Simpson’s eyes are shut and he sits there whimpering for a long time until Chet slaps his face and grabs his jaw and turns it to face him again.
The exchange continues for a bit and Chet stands up and walks away and then turns back shouting. Then he yanks Simpson to the tree a few steps behind them and lays him down on it. Chet leans in close to his face and says something about Natty Lite before cocking his arm back and expunging the consciousness from the boy. He starts by wailing on his face and neck. Then he is kicking his chest with the heel of his boot, digging further and further into Simpson’s body, mining for tree bark. He stops after a while and walks away fixing his hair and is still panting. Misha swings her hair around then and is walking as quickly as one might in heels in snow towards a triumphant Chet, waving goodbye without looking at the girls.
“Looks like she’s got him.” Charlie.
“Head soon, Charlie? Now even.” Ellie.
“Cool. So, Val how ‘bout it?”
“How ‘bout what?”
“Come join us in the town. For a girl’s night.”
“I, Sure. Yeah, that sounds cool.”
“Parfait.” Ellie is already treading back to the orange chariot.
Ellie hops in the back and leaves the shotgun seat up for Valerie to put down. By the time she has readjusted the seat to her liking, the car is halfway to the end of Jameson. Ellie has lit a joint and smokes half before passing it to Val. The ash spreads to the crevices of the car, mingling with bits of old lint and new lint and unsalvaged playing cards and still wrapped Happy Meal toys.
“So, Val, settle something for us,” Ellie says. “Christian is a total fucking babe right? I mean not even just for an old guy.”
“Who’s Christian again?” Valerie asks dragging on the phattie.
“Oh my go – Mr. Sims.”
“Oh, yeah, definitely.”
“See, me and the girls were talking earlier,” Ellie leans right to the back of Valerie’s chair, and puts her head next to Valerie’s head: “We think he must have quite, the cock.”

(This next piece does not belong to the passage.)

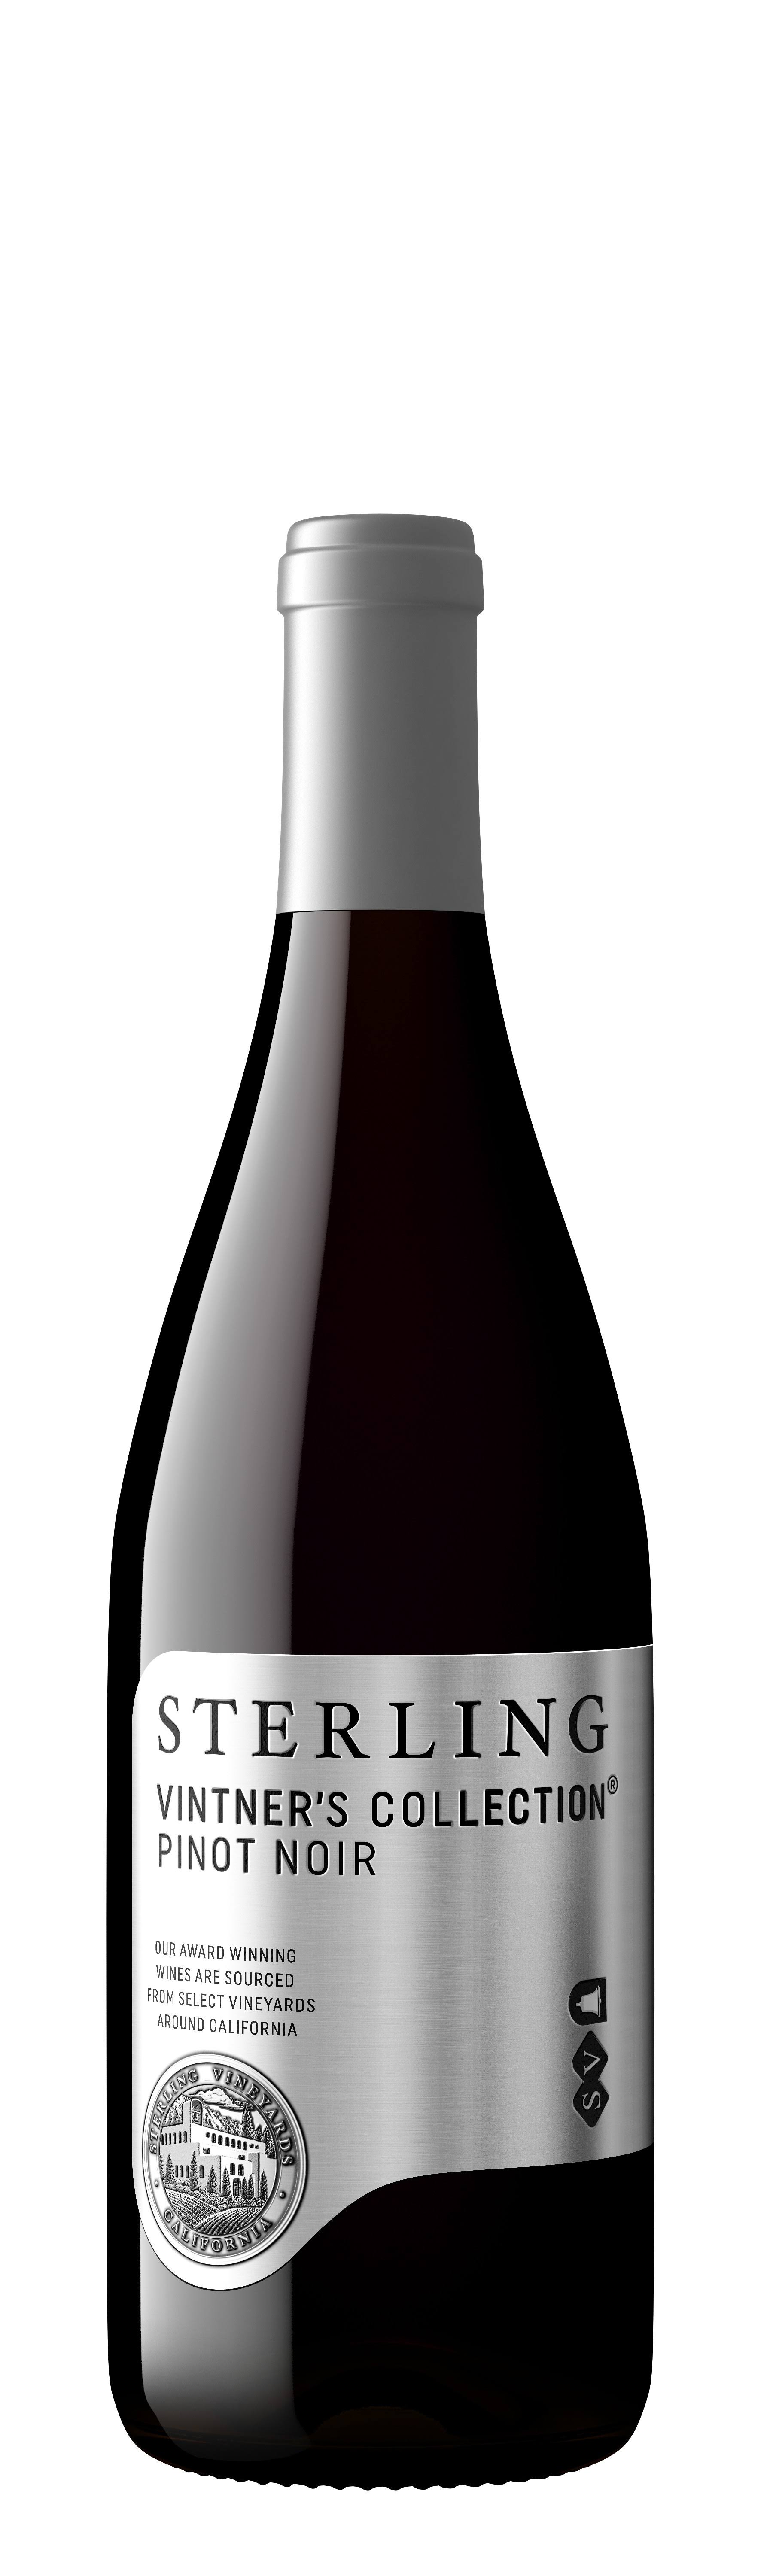 Sterling 'Vintner's Collection' Pinot Noir 2019 United States / 750ML
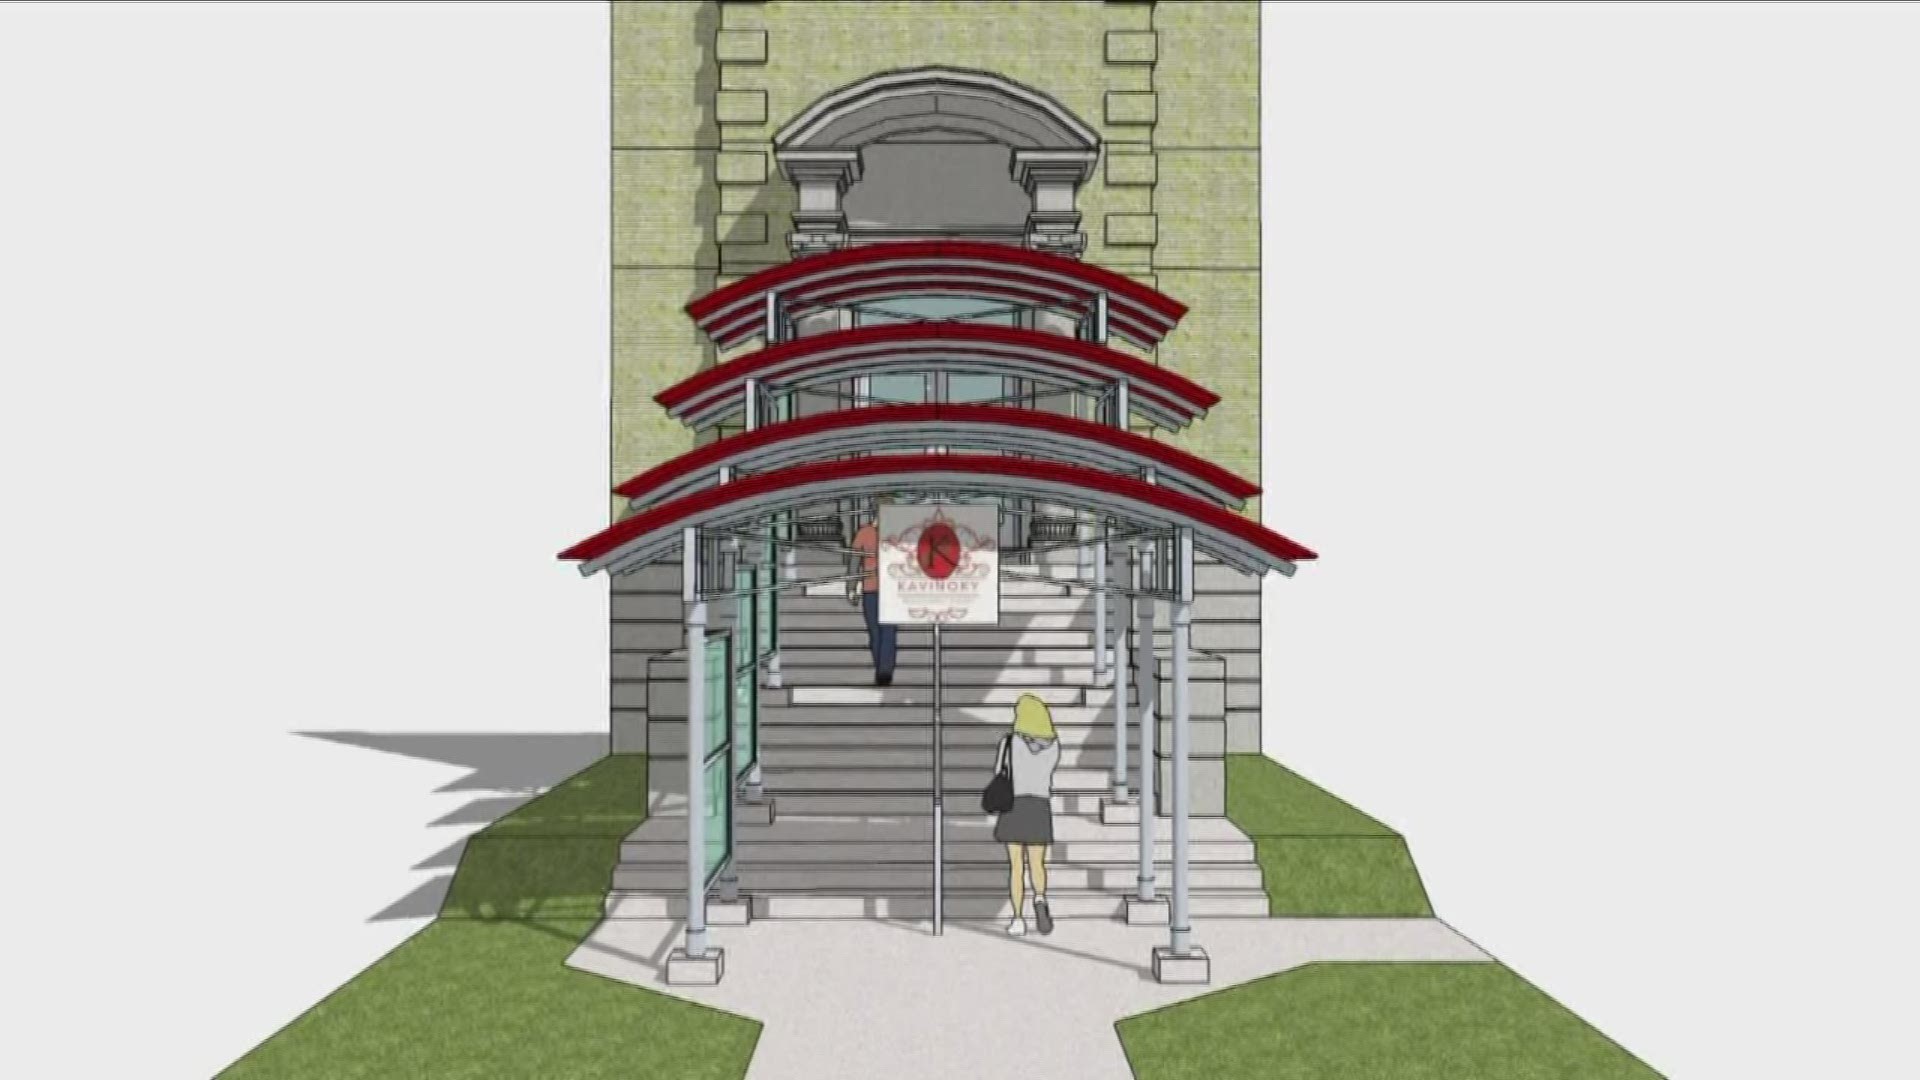 They will use funding for a Broadway-style covered entryway, as well as updated seats and a new projection system.

“I dunno, I guess so too. Just from how he walks and his hands. He could really have me any time if he wanted – at school even.”
“Owww! Christ she’s a wild one, Charlie! At school?”
“Oh def. Wouldn’t you? Just Imagine, him holding you. He’s just so rugged and. And everything.”
“Well, rumor has it your rugged Mr. Everything is downtown right now. We could go catch him at his worst. How about it?”
“Uh, like right now or…?”
“Yeah! Let’s put some dick between you and those fantasies.”
“You know what, Ellie? I think our little girl has a thing for Mr. Sims. Isn’t that right, BB. No worries, you’ll do great. You come with us, you’ll do fine.”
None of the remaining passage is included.